The rhLT of the present invention has a selective binding to TNFRI as compared to native rhLT, and the ability to bind to TNFRII can be as high as 200-40000 times or more. TNFRI-selective LT reduces the toxic side effects of TNFRI I, has lower systemic toxicity; avoids the competition of TNFRI I and TNFRI for LT and the neutralization of LT by sTNFRI I, thus high expression of TNFRI I The sensitivity of tumor cells is increased, and the tumor suppressor spectrum is broader. Studies have shown that TNFRI-selective LT has enhanced killing effect on various tumor cells, and it is more effective in combination with chemotherapy drugs.

All documents mentioned in the present application are hereby incorporated by reference in their entirety in their entireties in the the the the the the the the the In addition, it should be understood that various modifications and changes may be made to the present invention, and the equivalents of the scope of the invention.

Claims

Rights request

A receptor-selective lymphotoxin mutant, characterized in that the mutant is in a 106-113 lasso structure corresponding to positions 106-113 in the natural sequence of lymphotoxin, 106, 107, 109, 110, At least one amino acid of amino acid residue 111, 112, or 113 is replaced, and/or at least one amino acid is inserted into the 106-113 lasso structure,

The additional condition is that the 108-bit Y residue is unchanged;

2. The lymphotoxin mutant according to claim 1, wherein

The ratio of the binding ability of the lymphotoxin mutant to TNFRI to the binding ability of wild type LT to human TNFRI is greater than 0.1;

The ratio of the binding ability of the lymphotoxin mutant to human TNFRII to the binding ability of wild type LT to human TNFRII is less than 0.01.

3. The lymphotoxin mutant according to claim 2, wherein the amino acid substitution is 106, 107, 109, 110, 111, 112 or 113 amino acid replaced by another amino acid; or 106-113 Insert 1-3 amino acids.

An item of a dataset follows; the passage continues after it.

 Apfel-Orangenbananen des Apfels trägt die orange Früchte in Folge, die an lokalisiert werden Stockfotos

The lymphotoxin mutant according to claim 3, wherein the mutant has a mutation selected from the group consisting of:

Q107E; Q107D; S106E; S106D; Q107R; Q107N; Q107E/S 106E; Q107E/S 106D;

Q107D/S 106E; or Q107D/S106D.

The lymphotoxin mutant according to claim 1, wherein the ratio of the binding ability of the lymphotoxin mutant to human TNFRI to the binding ability of the lymphotoxin mutant to human TNFRII is more than 100.

A pharmaceutical composition comprising a safe and effective amount of a human lymphotoxin mutant and a pharmaceutically acceptable carrier.

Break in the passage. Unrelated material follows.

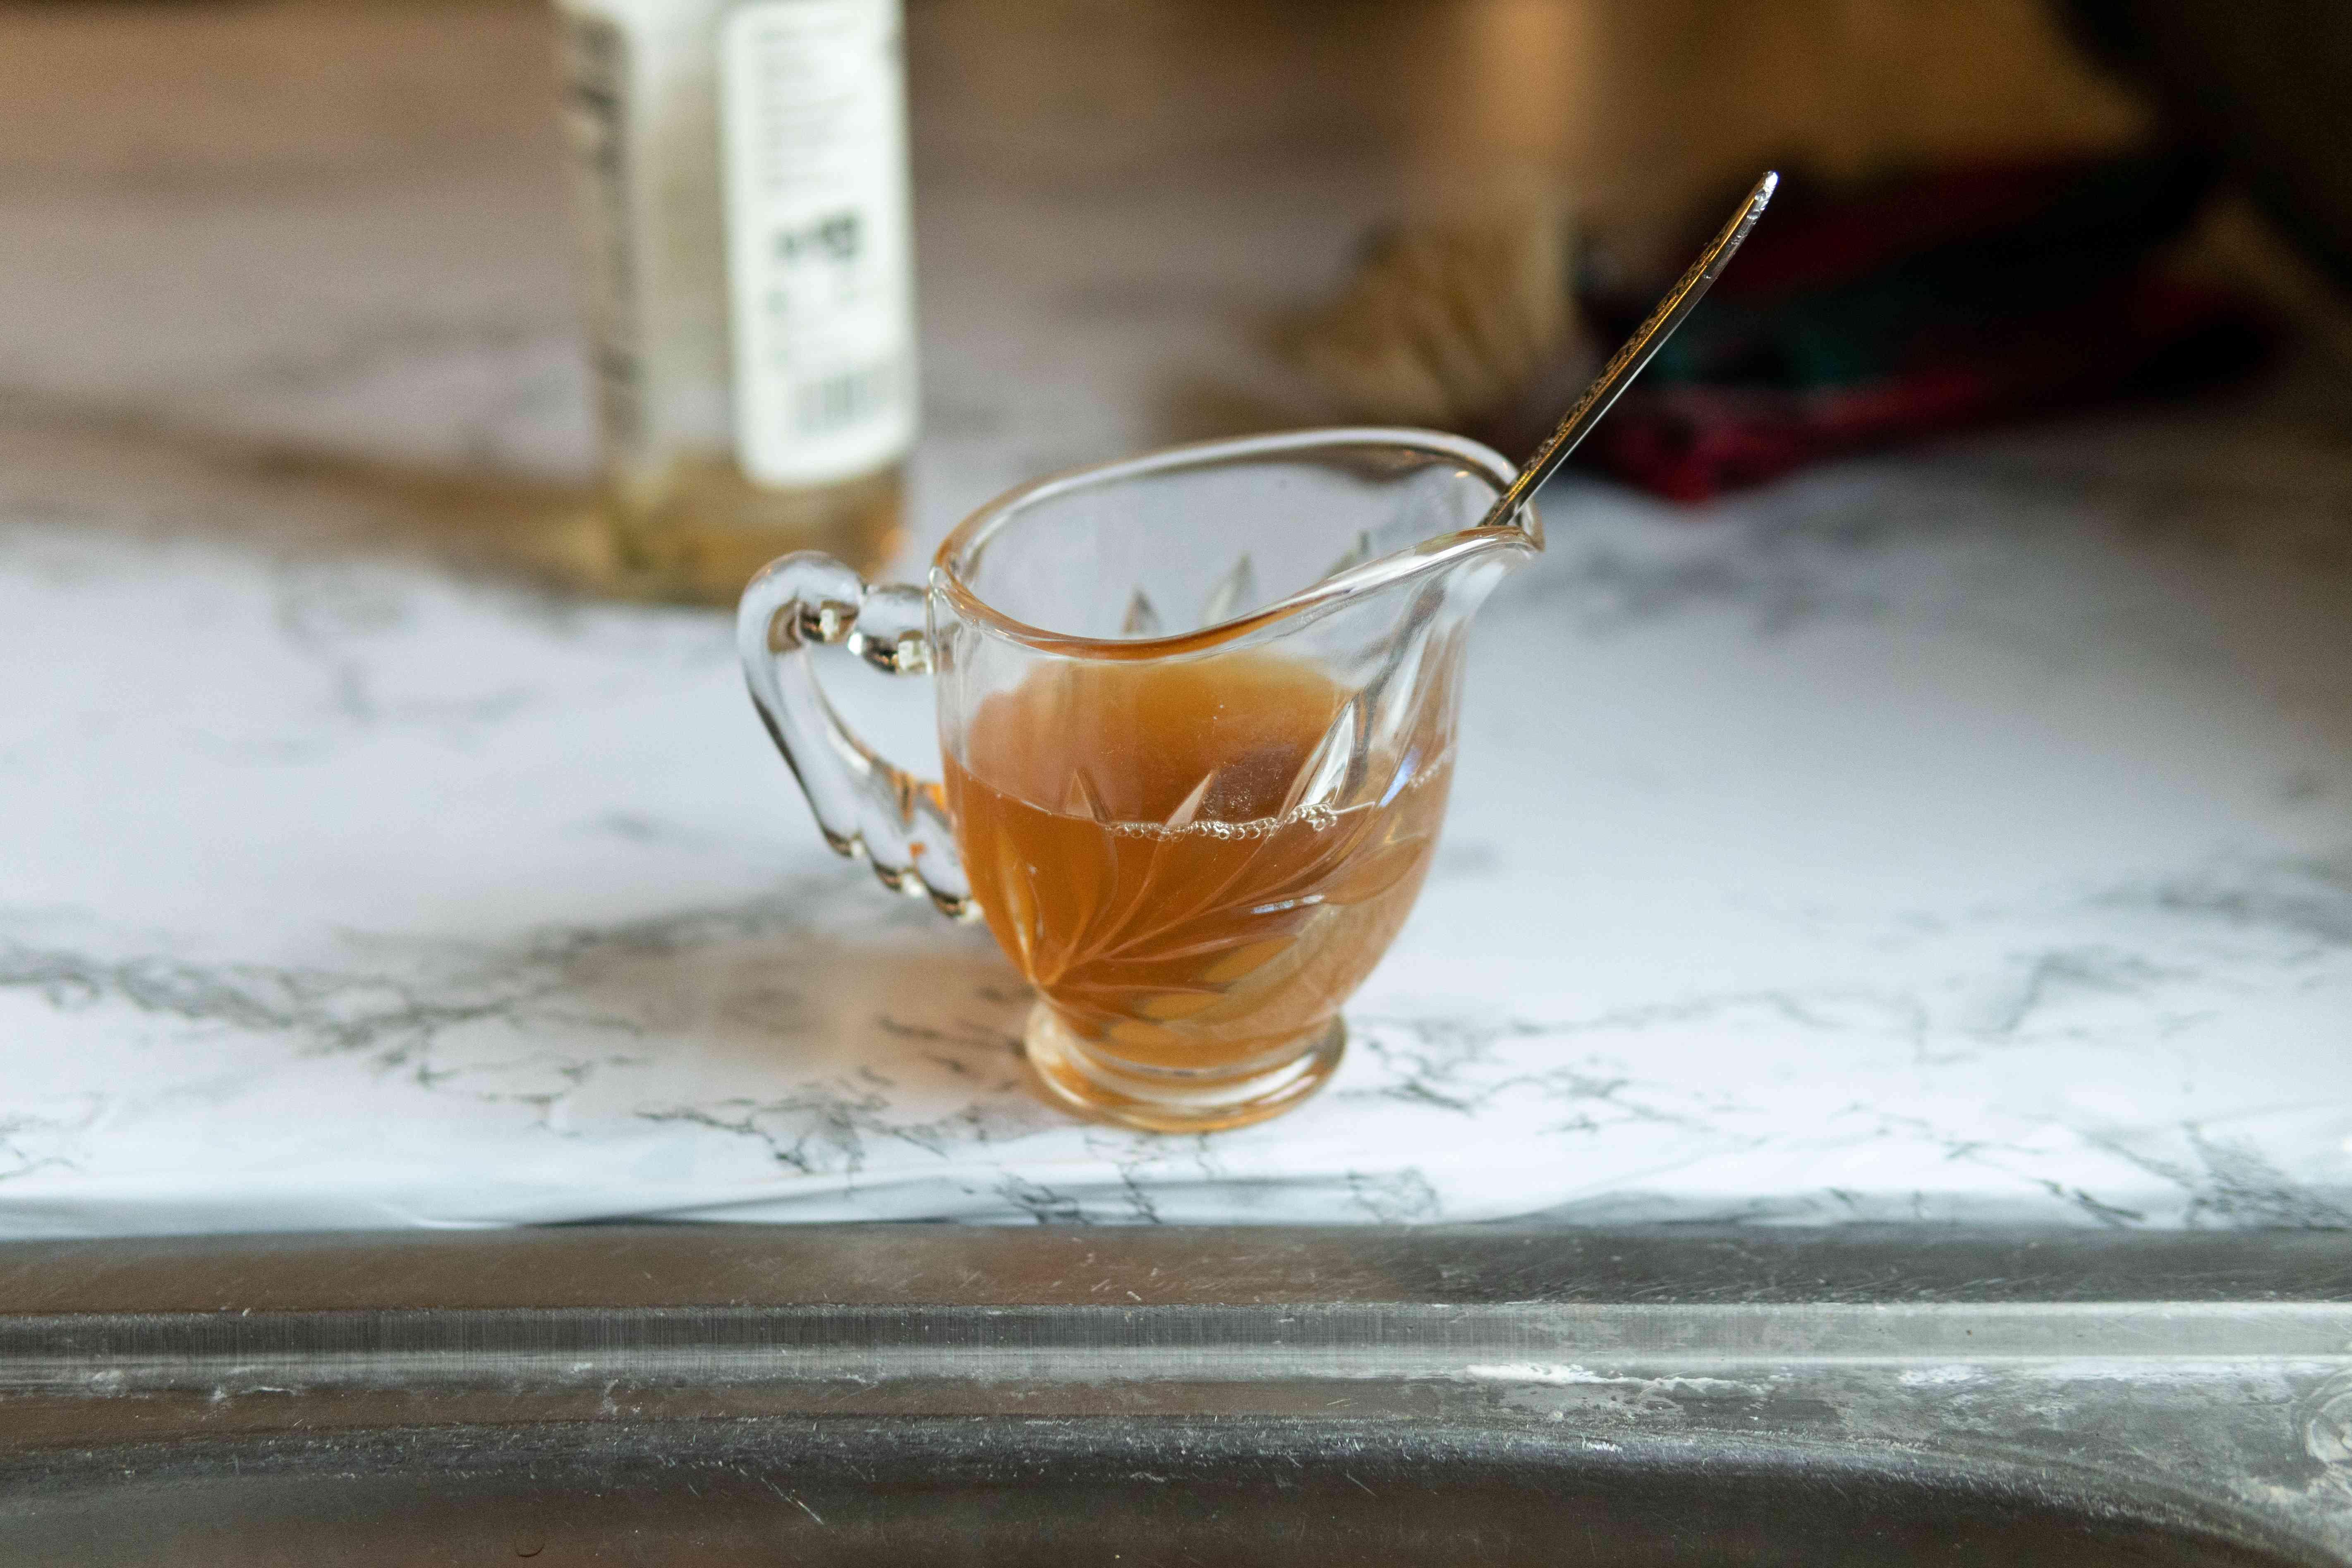 glass serving bowl of apple cider vinegar

7. The pharmaceutical composition according to claim 6, further comprising a chemotherapeutic agent selected from the group consisting of CDDP, 5_FU, ADM, VCR or a combination thereof.

The use of the human lymphotoxin mutant according to claim 1, which is for use in the preparation of a medicament for treating: (a) a tumor; (b) an internal parasitic disease.

9. A method of producing a TNFRI receptor-selective human lymphotoxin mutant, characterized in that at position 108 of the native lymphotoxin sequence is unchanged, at least one of amino acids 106-113 is replaced; or at 106-113 Insert 1-3 amino acids.

An isolated DNA sequence which encodes the lymphotoxin mutant of claim 1.